Alert (alert): immediate action required.
Critical (crit): critical conditions.
Error (error): error conditions.
Warning (warn): warning conditions.
Notice (notice): normal but significant conditions.
Informational (info): informational messages.
Debug (debug): messages helpful for debugging.
In the following years, Syslog was adopted by various software applications and
eventually became a standard for message logging on Unix-like systems. Its
severity levels were also adapted and refined by various application logging
frameworks such as log4net and
log4j, evolving into the various log
levels that are commonplace today.
🔠Want to centralize and monitor your application logs?
Head over to Logtail and start ingesting your logs in 5 minutes.
Common log levels and their use cases
The log levels available to you will vary depending on the programming language,
framework, or service in use. Still, most will include some or all of the
following levels: FATAL, ERROR, WARN, INFO, DEBUG, and TRACE. You
can usually override the defaults in your logging framework of choice with
custom log levels, but we recommend sticking to the ones discussed below. They
are arranged in decreasing order of urgency:
FATAL
The FATAL log level annotates messages with the greatest severity. It usually
means that something critical is broken, and the application cannot continue to
do any more useful work without the intervention of an engineer. Typically, such
entries are logged before the application is shut down (with exit code 1) to
prevent further data corruption.
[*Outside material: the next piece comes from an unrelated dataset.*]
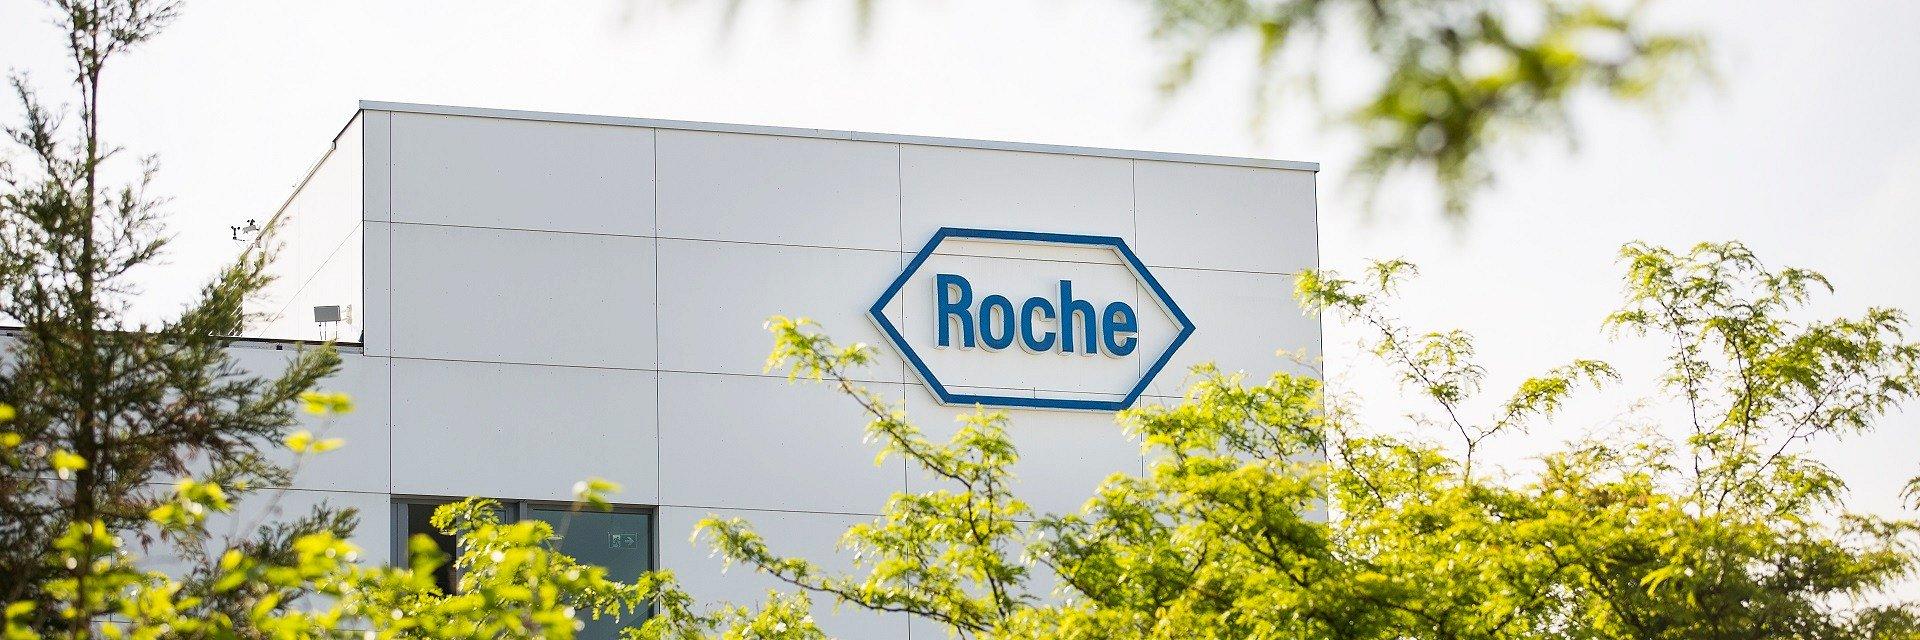 Stanowisko firmy Roche Polska dot. zmian w programie lekowym raka jelita grubego

If you use a
log management service, you can configure it
such that you get instant alerts when such entries are logged so that someone
can react to them as quickly as possible.
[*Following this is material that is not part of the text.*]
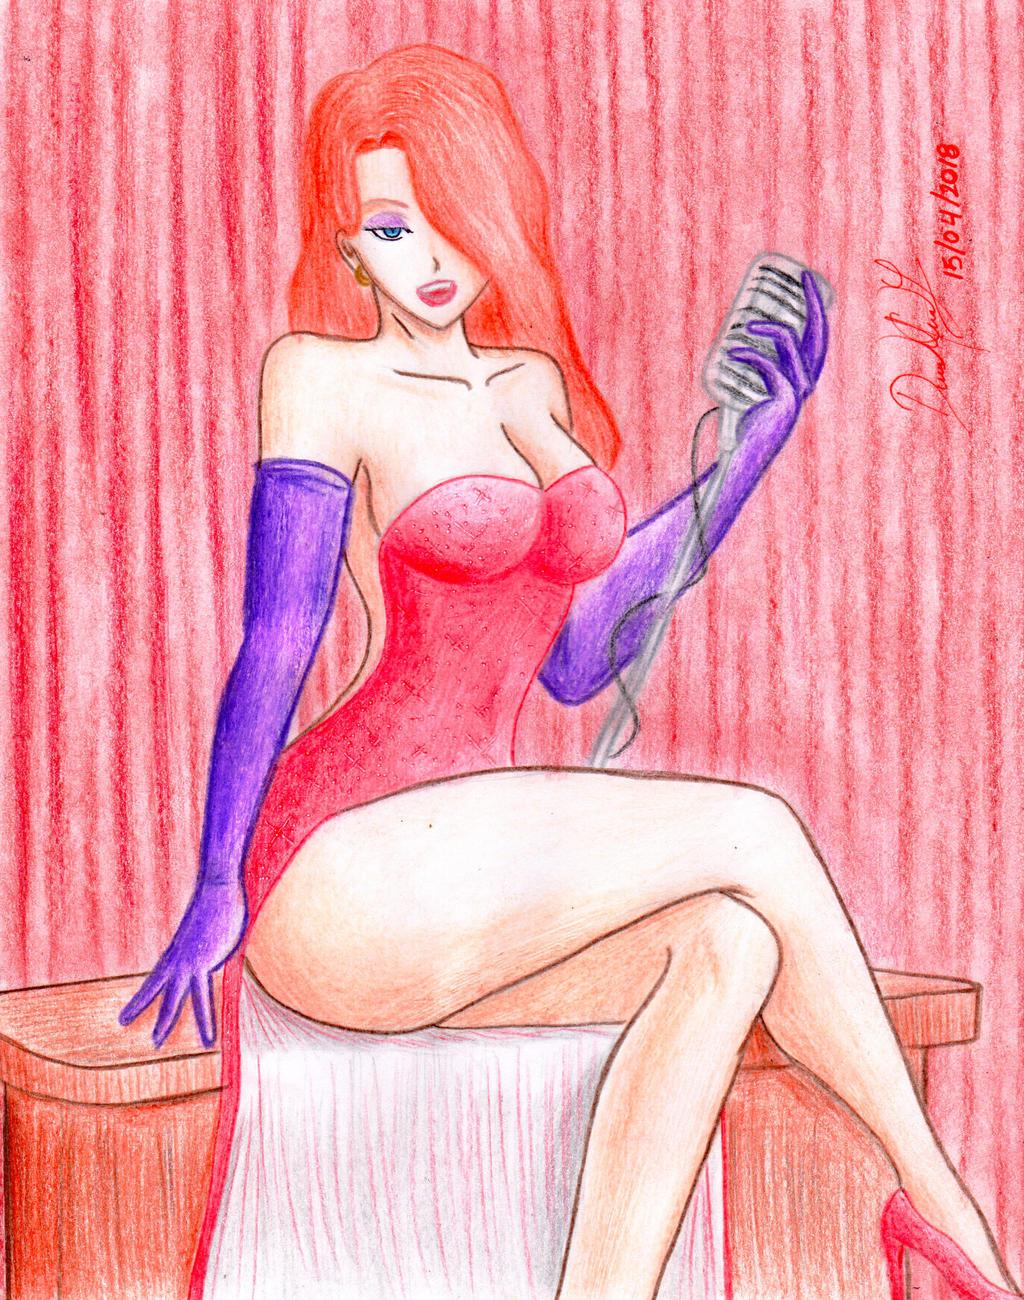 Jessica Rabbit by danielcamilo

Examples of situations that may be logged as FATAL errors include the
following:
Crucial configuration information is missing without fallback defaults.
Unable to connect to a service crucial to the application's primary function
(such as the database).
Running out of disk space on the server.
ERROR
The ERROR log level is used to represent error conditions in an application
that prevent a specific operation from running, but the application itself can
continue working even if it is at a reduced level of functionality or
performance. Generally, ERROR logs should be investigated as soon as possible
but they don't carry the same urgency as FATAL messages since the application
can continue working.
The occurrence of an error condition in the application does not necessarily
mean that it should be logged at the ERROR level. For example, if an exception
is expected behavior and does not indicate degradation in application
functionality or performance, it can be logged as INFO. Also, errors with a
possibility of recovery (such as network connectivity errors) can be labeled as
INFO if an automatic recovery strategy is in place (e.g retries). Such
conditions can be promoted to the ERROR level if recovery isn't possible after
a predetermined time.
Logging significant error conditions is also useful for generating metrics such
as
Mean Time Between Failures (MTBF)
which can be used to assess the quality of the application or to compare
different systems or designs. Examples of situations that are typically logged
at the ERROR level include the following:
A persistent connection failure to some external resource (after automated
recovery attempts have failed).
Failure to create or update a resource in the system.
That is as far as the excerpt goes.